Before I outline the system's design, I would like to focus your
attention on several methods for injecting and hooking.
First and foremost, it is necessary to select an implanting method that
will meet the requirements for injecting the DLL driver into all
processes. So I designed an abstract approach with two injecting
techniques, each of them applied accordingly to the settings in the
INI file and the type of the operating system (i.e. NT/2K or 9x). They are
- System-wide Windows Hooks and CreateRemoteThread()
method. The sample framework offers the ability to inject the DLL on NT/2K
by Windows Hooks as well as to implant by
CreateRemoteThread() means. This can be determined by an
option in the INI file that holds all settings of the system.
Another crucial moment is the choice of the hooking
mechanism. Not surprisingly, I decided to apply altering IAT as an
extremely robust method for Win32 API spying.
To achieve desired goals I designed a simple framework composed of the
following components and files:
- TestApp.exe - a simple Win32 test application that just outputs a
text using TextOut() API. The purpose of this app is to show how it gets
hooked up.
- HookSrv.exe - control program
- HookTool .DLL - spy library implemented as Win32 DLL
- HookTool.ini - a configuration file
- NTProcDrv.sys - a tiny Windows NT/2K kernel-mode driver for
monitoring process creation and termination. This component is optional
and addresses the problem with detection of process execution under NT
based systems only.
HookSrv is a simple control program. Its main role is to load the
HookTool.DLL and then to activate the spying engine. After loading the
DLL, the Hook Server calls InstallHook() function and passes
a handle to a hidden windows where the DLL should post all messages to.
HookTool.DLL is the hook driver and the heart of presented spying
system. It implements the actual interceptor and provides three user
supplied functions TextOutA/W() and
ExitProcess() functions.
Although the article emphasizes on Windows internals and there is no
need for it to be object-oriented, I decided to encapsulate
related activities in reusable C++ classes. This approach provides more
flexibility and enables the system to be extended.

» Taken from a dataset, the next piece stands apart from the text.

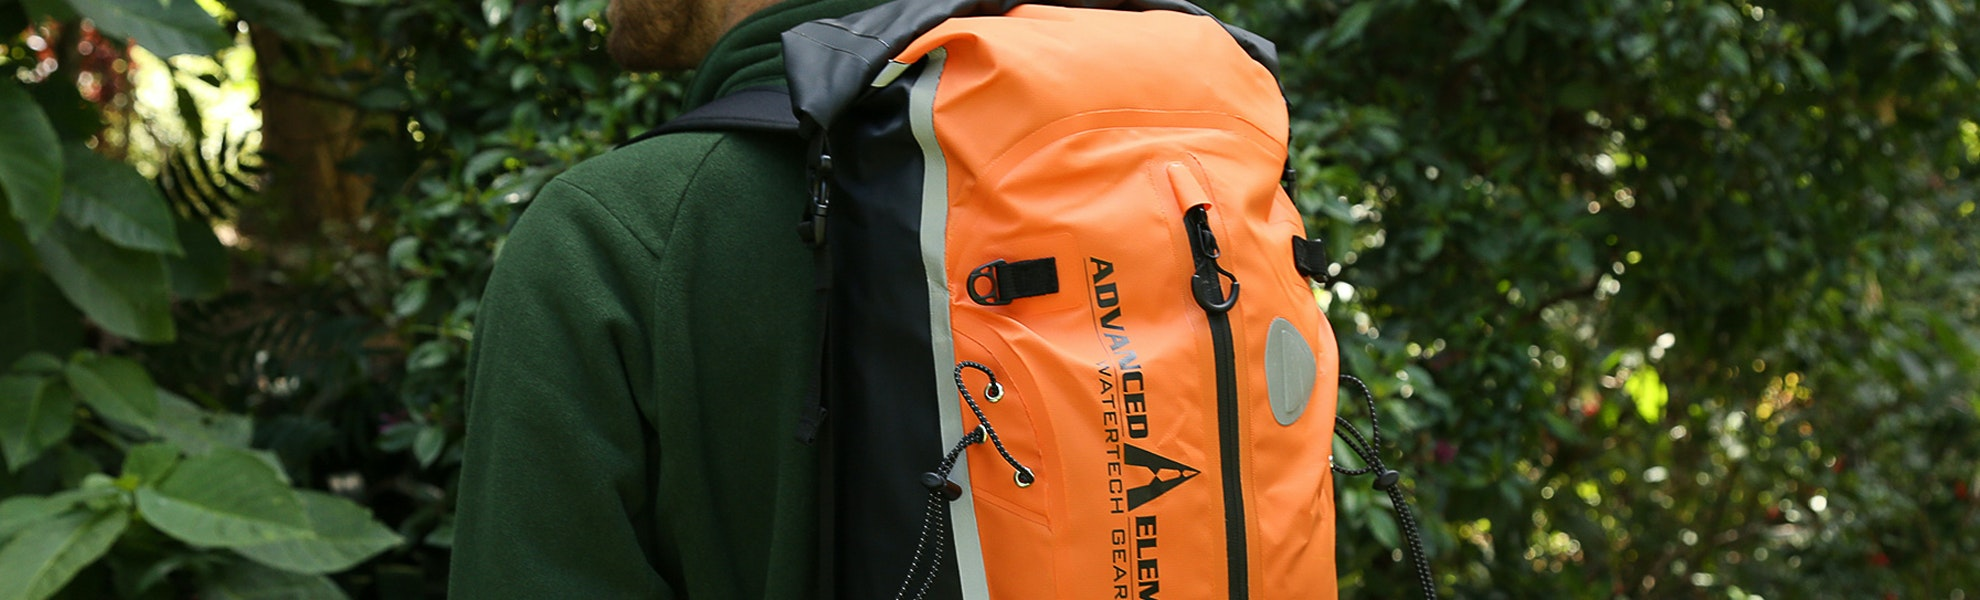 Advanced Elements Deep Six Waterproof 30L Pack

It also benefits
developers with the ability to use individual classes outside this
project.
Following UML class diagram illustrates the relationships between set
of classes used in HookTool.DLL's implementation.
Figure 6
In this section of the article I would like to draw your attention to
the class design of the HookTool.DLL. Assigning responsibilities to the
classes is an important part of the development process. Each of the
presented classes wraps up a specific functionality and represents a
particular logical entity.
CModuleScope is the main doorway of the system. It is
implemented using "Singleton" pattern and works in a thread-safe manner.
Its constructor accepts 3 pointers to the data declared in the shared
segment, that will be used by all processes. By this means the values of
those system-wide variables can be maintained very easily inside the
class, keeping the rule for encapsulation.
When an application loads the HookTool library, the DLL creates one
instance of CModuleScope on receiving
DLL_PROCESS_ATTACH notification. This step just initializes
the only instance of CModuleScope. An important piece of the
CModuleScope object construction is the creation of an
appropriate injector object. The decision which injector to use will be
made after parsing the HookTool.ini file and determining the value of
UseWindowsHook parameter under [Scope] section. In case that
the system is running under Windows 9x, the value of this parameter won't
be examined by the system, because Window 9x doesn't support injecting by
remote threads.
After instantiating of the main processor object, a call to
ManageModuleEnlistment() method will be made. Here is a
simplified version of its implementation:
BOOL CModuleScope::ManageModuleEnlistment()
{
BOOL bResult = FALSE;
if (FALSE == *m_pbHookInstalled)
{
*m_pbHookInstalled = TRUE;
bResult = TRUE;
}
else
{
bResult = m_pInjector->IsProcessForHooking(m_szProcessName);
if (bResult)
InitializeHookManagement();
}
return bResult;
}
The implementation of the method ManageModuleEnlistment()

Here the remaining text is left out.